Other codes of conducts are available and applicable to the profession of project managers. For instance, the IEEE Board of Directors (2006), the code of ethics of the Association of Electrical and Electronics Engineers, similar to another famous code of conduct, lists in 10 items the rules one should stick to.

Although one’s values are often sufficient to take sound and ethical decisions, reading one or more codes of conduct is a good idea to help individuate those situations that might pose ethical choices in the profession and give project managers and professionals a reference framework when needed.

* A “buy in bid” underestimates project costs to make it more appealing. The costs are then raised as the project develops to match the actual expenditure.

It is still wrong should you have had any doubt.

1.4 Software Project Management

Software project management is the integration of management techniques into software development.
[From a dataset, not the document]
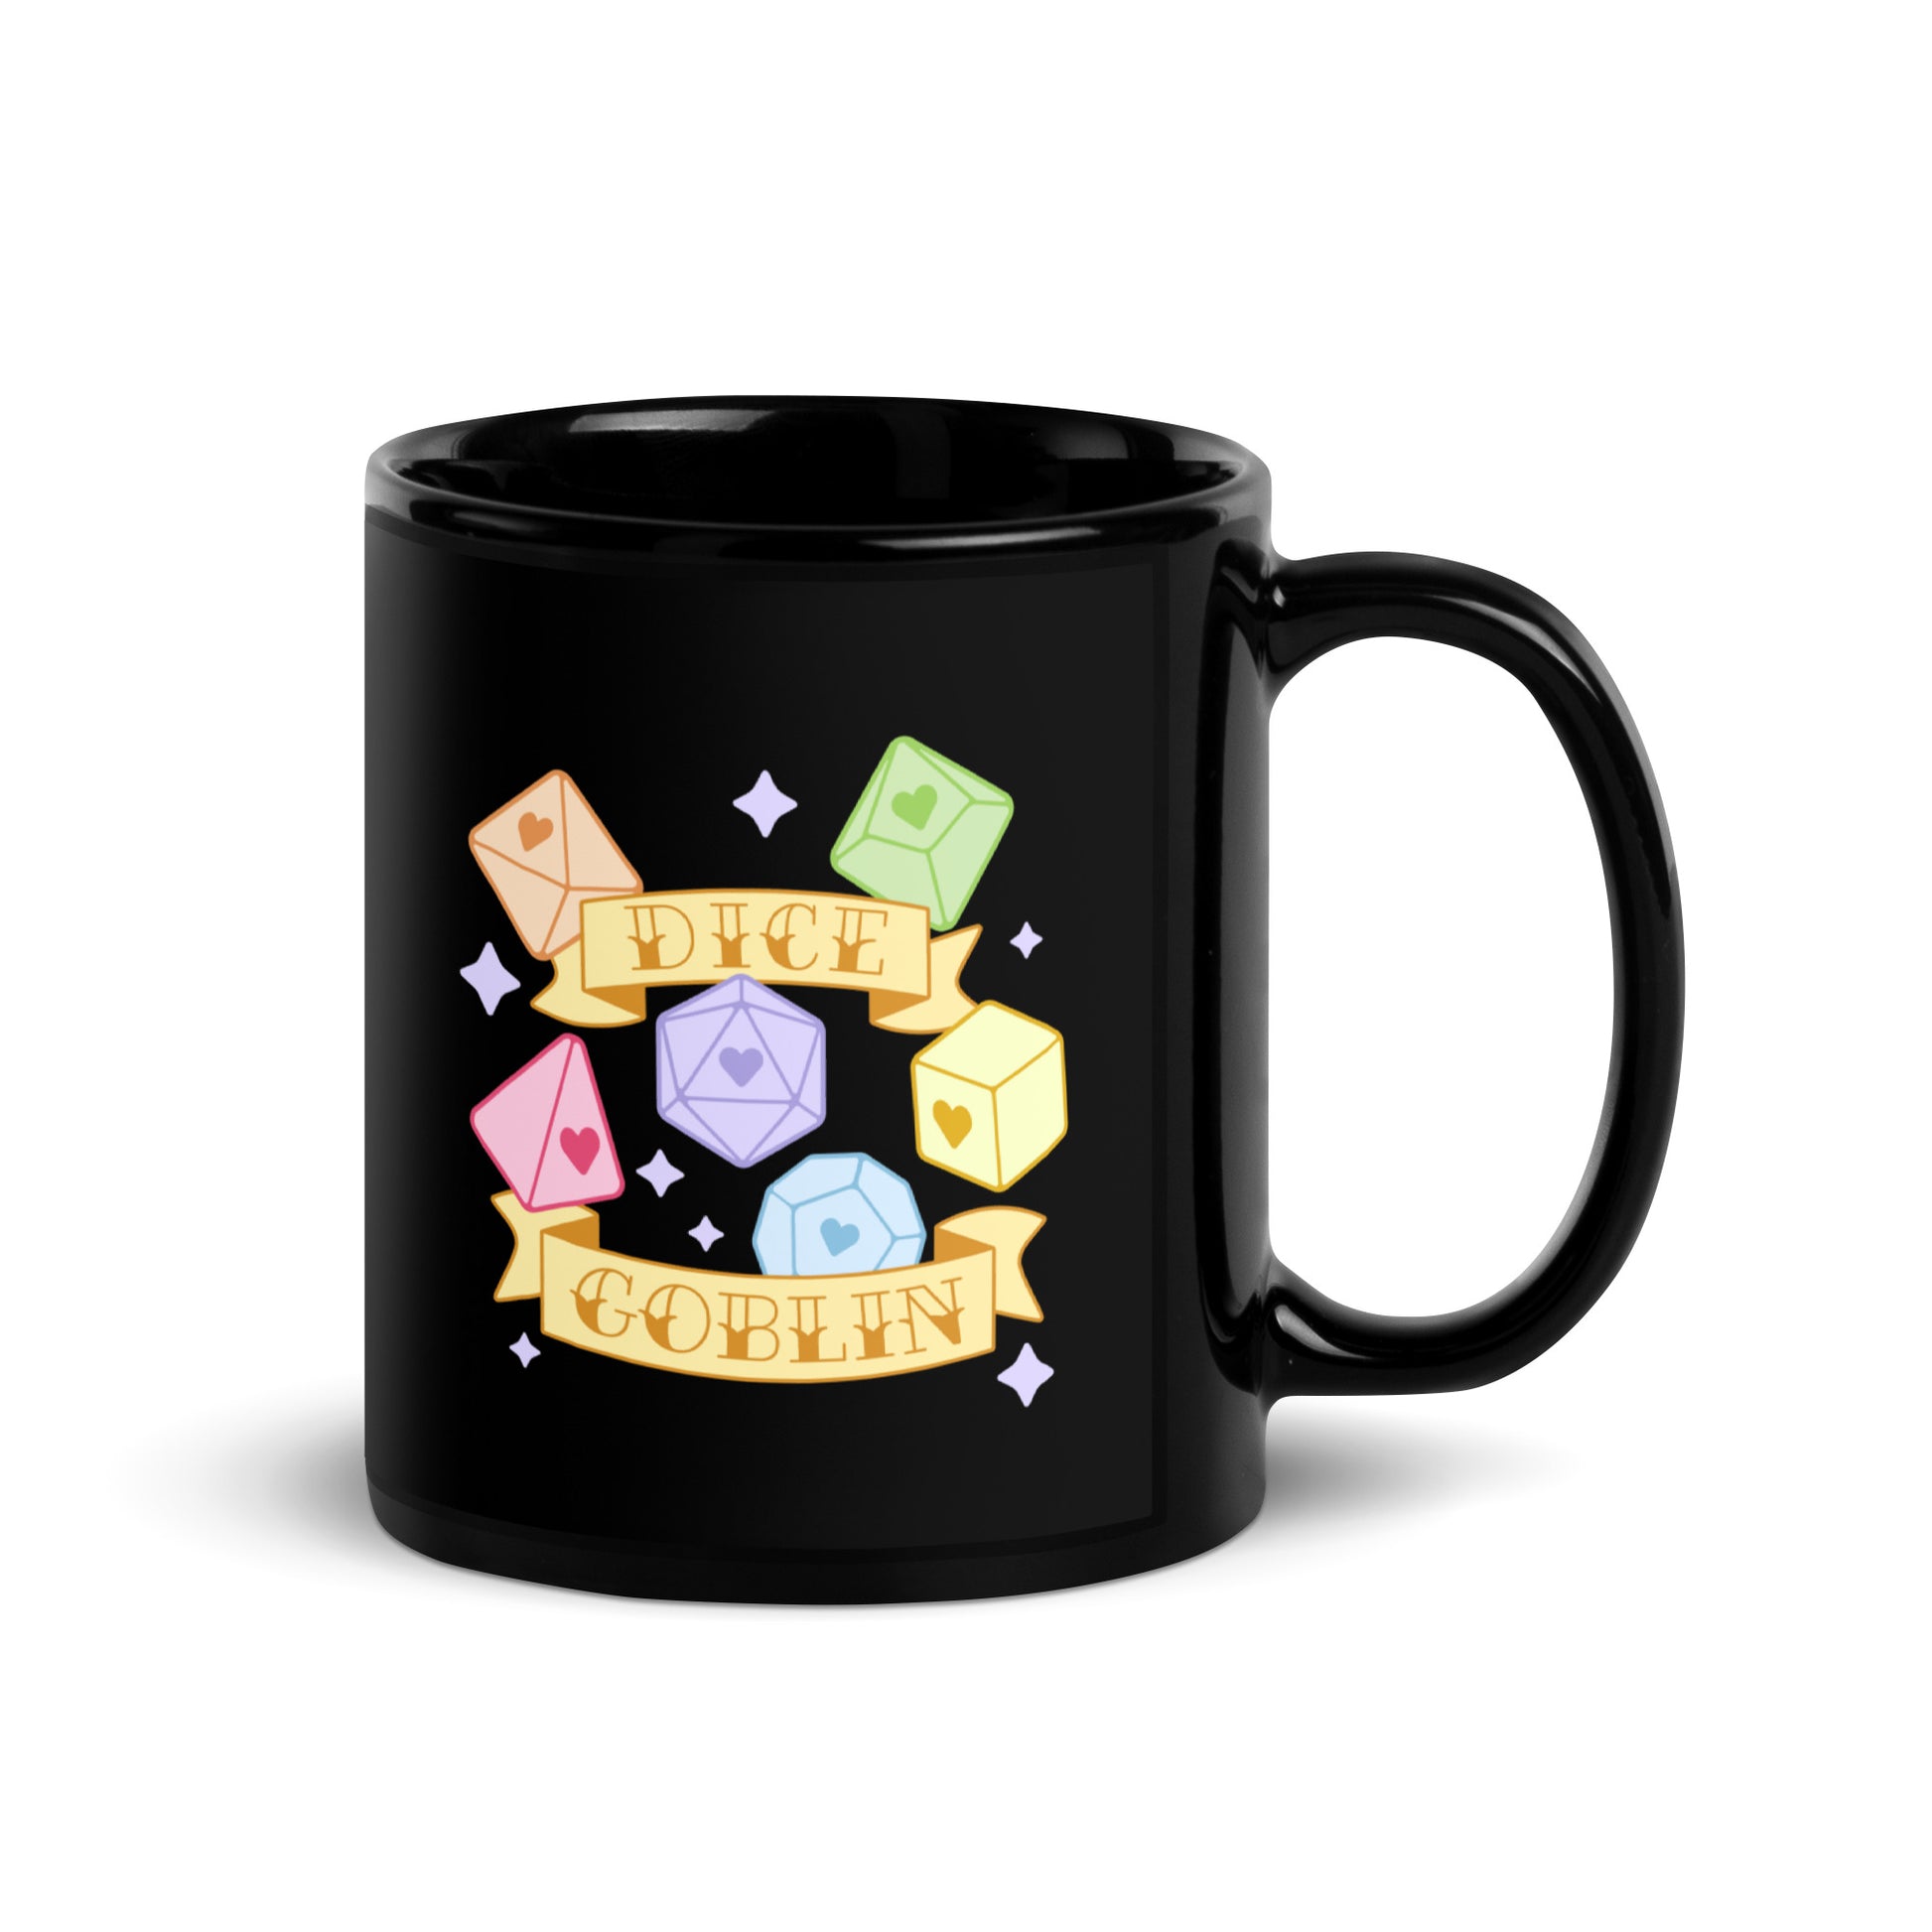 A black 11 ounce ceramic mug featuring an illustration of six polyhedral dice in pastel rainbow colors. Banners surround the dice. Text on the banners reads "Dice Goblin"

The need for such integration has its root in the 1960s, in the days of the “software crisis,” when practitioners recognized the increasing complexity of delivering software products meeting the specifications. A number of works started then to improve the software development practices, detailing and structuring technical activities more rationally.

In parallel with this, some big engineering projects started by the U.S. Government in the 1960s contributed to the consolidation and introduction of important project management techniques. The two areas, however, were too young or growing too fast to look at each other, and for a while they grew independent of each other.

Similar to system engineering, software engineering shares many concerns that can be dealt with by sound management practices. As software engineering matured as a discipline, more interest grew in the systematic integration of management activities in the software production process. Software development and project management thus started to be integrated more tightly. This is exactly what we start doing in this section.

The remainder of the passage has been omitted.